CASIA OpenIR > 多模态人工智能系统全国重点实验室 > 模式分析与学习

	图像美学质量评估的方法与应用
	盛柯恺
	2019-05-27
页数	140
学位类型	博士
中文摘要	视觉美感质量评估是计算机视觉领域中非常具有挑战性的问题之一。从技术上讲，视觉美感质量评估是一项计算机视觉认知任务，涉及到多个学科，具有重要的理论意义和实际价值。视觉美感质量评估的最终目标是希望计算机能够像人类一样对图像的美感质量进行感知、分析和决策，在图像检索、图像合成、图像处理、机器情感智能等很多领域也有着广泛的应用前景。在过去的十几年里，美感质量评估研究得到了快速的发展。但另一方面，由于图像的美感质量是一个偏主观的视觉属性，至今仍然是一个具有较大挑战性和开放性的研究热点。本文主要研究图像美学质量的评估方法。针对目前主流的图像美学质量评估方法中存在的图像级别美学标签的数据利用效率低、尚未有效地利用无标签的图像数据、缺乏合理的正则化策略等问题，我们结合机器学习、计算机视觉领域的最新进展，提出新的、有效的方法。基于实验结果，我们也得到了很多有实际意义和参考价值的知识。
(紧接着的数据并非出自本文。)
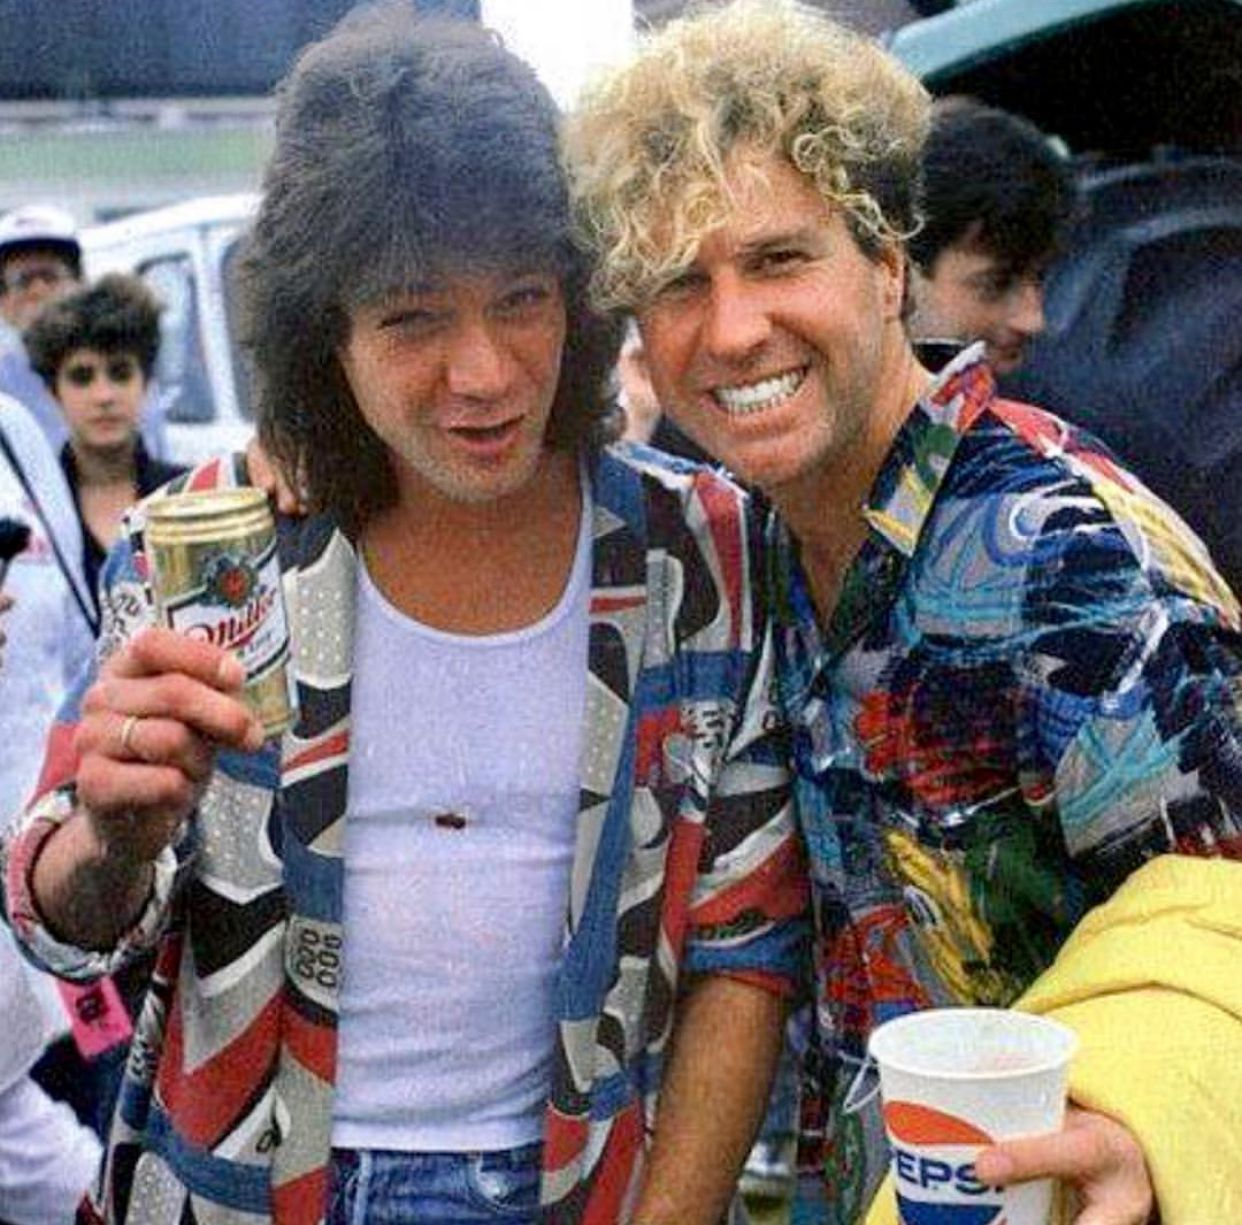 Pin By Keith Newton On Van Halen Life Van Halen Van Halen 5150 Eddie Van Halen

照顾到实际应用的需求，本文还将涉及食物图像、人脸图像这样两个特定领域的美学质量评估问题。具体的，本文主要的研究工作和贡献如下: 1. 提出一种基于注意力机制的图像美学评估方法。由于图像级别美学标签的信息量不足、利用率低，目前主流的方法需要借助相关的图像属性(如，物体语义，场景语义，图像颜色属性等)来辅助完成美感质量的评估。但是，这些属性依赖于专家设计，不够灵活，而且标注成本和试错代价都不低。为了在不使用额外图像属性的情况下提高图像级别美学标签的利用率，我们提出一种基于注意力机制的方法:在训练阶段，方法将以一种端到端的、数据驱动的形式，自适应地给每个图像块赋予不同训练的权重，以此提高美学标签的利用率，进而得到更好的评估模型。从 AVA 数据集的评估正确率上看，使用我们方法所得到的卷积网络模型，在无需额外图像属性的情况下，能够取得比现有的评估方法都要高的美学评估正确率。 2. 提出一种基于自监督学习的图像美学评估算法。针对图像美学标签的获取成本高、含有主观因素等问题，一个合理的、有价值的思路是:利用无标签的图像数据来学习具有美学感知能力的表征。目前还没有这方面的研究工作。基于图像编辑操作与图像美学属性的关联，我们提出一个新型的、无需人工标签的、面向图像美学质量评估的自监督学习方法。此外，我们还首次在图像美学评估任务上对现有的经典的自监督学习方法进行性能评估。在 AVA、AADB 和 CUHKPQ 三个数据集上，我们方法能够取得比其他的自监督学习方法更好的效果，甚至优于使用 ImageNet 或者 Places 数据集的标签的表征方法。实验结果验证了在图像美学评估中利用无标签图像数据进行表征学习的有效性。 3. 建立一个大规模的食物图像美学评估数据集，并针对视觉美感质量评估中的过置信度问题提出了一个有效的正则化策略。食物图像是一类常见的图像类别，对人具有独特的吸引力，因此食物图像美学质量评估具有相当实际意义和应用价值。目前尚缺少这方面的研究。为了填补这个空白，我们建立一个较大规模的食物图像美学评估数据集(GPD):包含 24000 张图像(涵盖了大量常见的食物类别)和其对应的二分类美学标签。此外，针对图像美学评估中常见的过置信度问题，我们提出了一个简单而有效的正则化策略。通过大量的实验测试(包括在未知数据集上的泛化性测试，与 AVA 数据集的对比测试等)，我们验证了 GPD 数据集的美学标签和所提正则化方法的有效性。该研究将有助于后续研究者深入研究和开发与食物图像美学评估相关的应用。 4. 提出一个基于排序学习的人脸关键点定位质量无基准评估算法。人脸关键点定位是计算机视觉中一个经典的基本任务。考虑到一些基于人脸关键点定位结果的应用场景(如，人脸化妆、人脸卡通画)，我们需要设计一个无需人工标注基准即可完成定位质量评估的模型。目前还有没有相关任务的论文可供参考。我们的方法基于一个人脸关键点的先验知识:即，使用人脸关键点归一化后的人脸图像具有较强的稳定性。基于这个先验知识，我们通过构造一系列定位质量可控的关键点结果，利用排序学习来从这些序列数据中抽取有效信息来训练一个关键点定位质量模型。在四个公开人脸关键点评估数据集上，以 ESR 定位算法为例，我们的评估方法能够良好地完成关键点无基准评价。基于我们的评估算法模型，我们能够以很小的代价取得较大的定位质量提升。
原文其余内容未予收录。